Anyway, this last week i have become tired all the time, hungry constantly, sad and not just a little bit, i feel like crying over everything and anything. I ache, i am moody and spotty :( I don’t want to spend 2 weeks feeling fat and tired, then 2 weeks bleeding. Fuck that! Guess i’ll have to go on the implant or injection. My worst nightmare is getting pregnant. I know what the decision will be, there is no deciding needing to be done. I WILL be getting a abortion. My body cannot take a pregnancy and mentally i could not cope with a child. I am far too selfish and my partner is too old to start a new family. It just isn’t what i want in life. 
So need to have another discussion with the doctor! 
Mood
Generally i am coasting but i get pangs of paranoia that i am not good enough for my partner and that hes bored of me. Like why would anyone want me, i am broken. What do i offer to the man i love with all my heart? All i have is love on the table. I barely do anything else. He worships me and does everything he can for me and i feel like i am giving nothing back. It’s hard. 

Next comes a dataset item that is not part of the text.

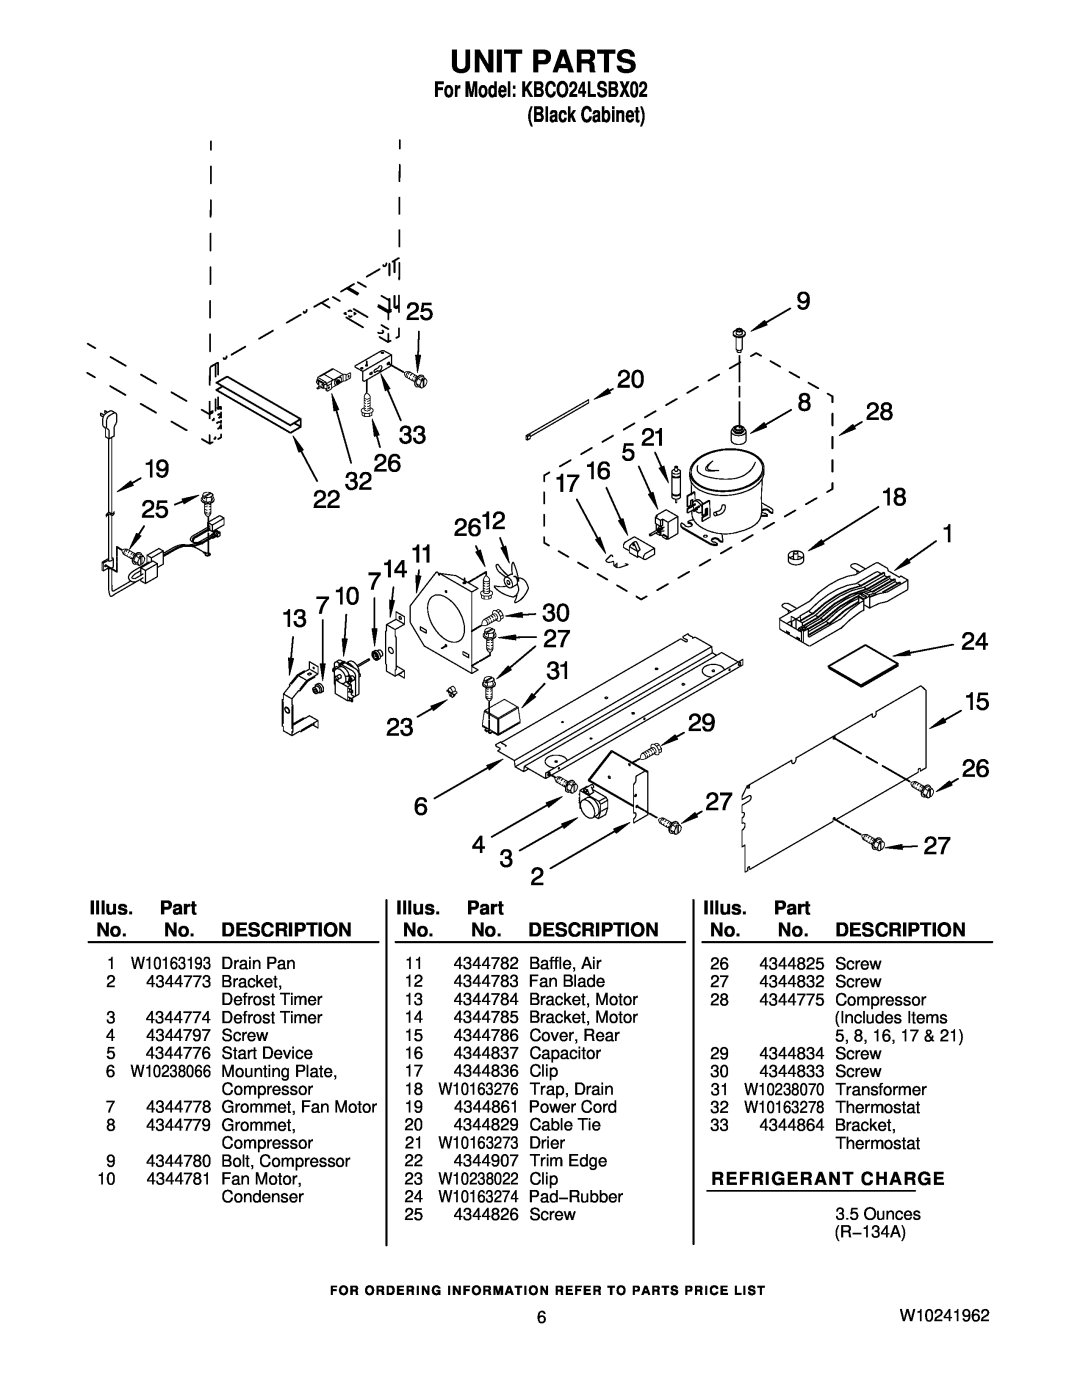 KitchenAid KBCO24LSBX02 manual Unit Parts, Refrigerant Charge, Illus. Part No. No. DESCRIPTION

I get feelings of deep sadness and i will just cry for no real reason. A picture of a cat an set me off ffs. From that i they think about sad things like my nan not being here or the fact Tyson will one day leave me for rainbow bridge. I just worry about things that are not happening in a long time or things that have happened and i cannot change. 
I worry incessantly about my partner or me dying. I got a telling off for ringing my partner after 2 hours of him not replying to texts as i was panicking he had a accident or something terrible had happened. He was just having a nap and i knew this but anxiety took over. It’s so hard to explain to someone that anxiety just takes over and i can’t help doing things as if i don’t i become distraught with worry. 
So yeah mood is up and down, more down than up though. I am hoping the increase in escitalopram will even me out and mean i perk up a bit. 
So there it is, a write up of life as it stands really. Not covered everything of course as well i cant do that cause some of it is secret in my head. 
Just trying to stay positive as best i can.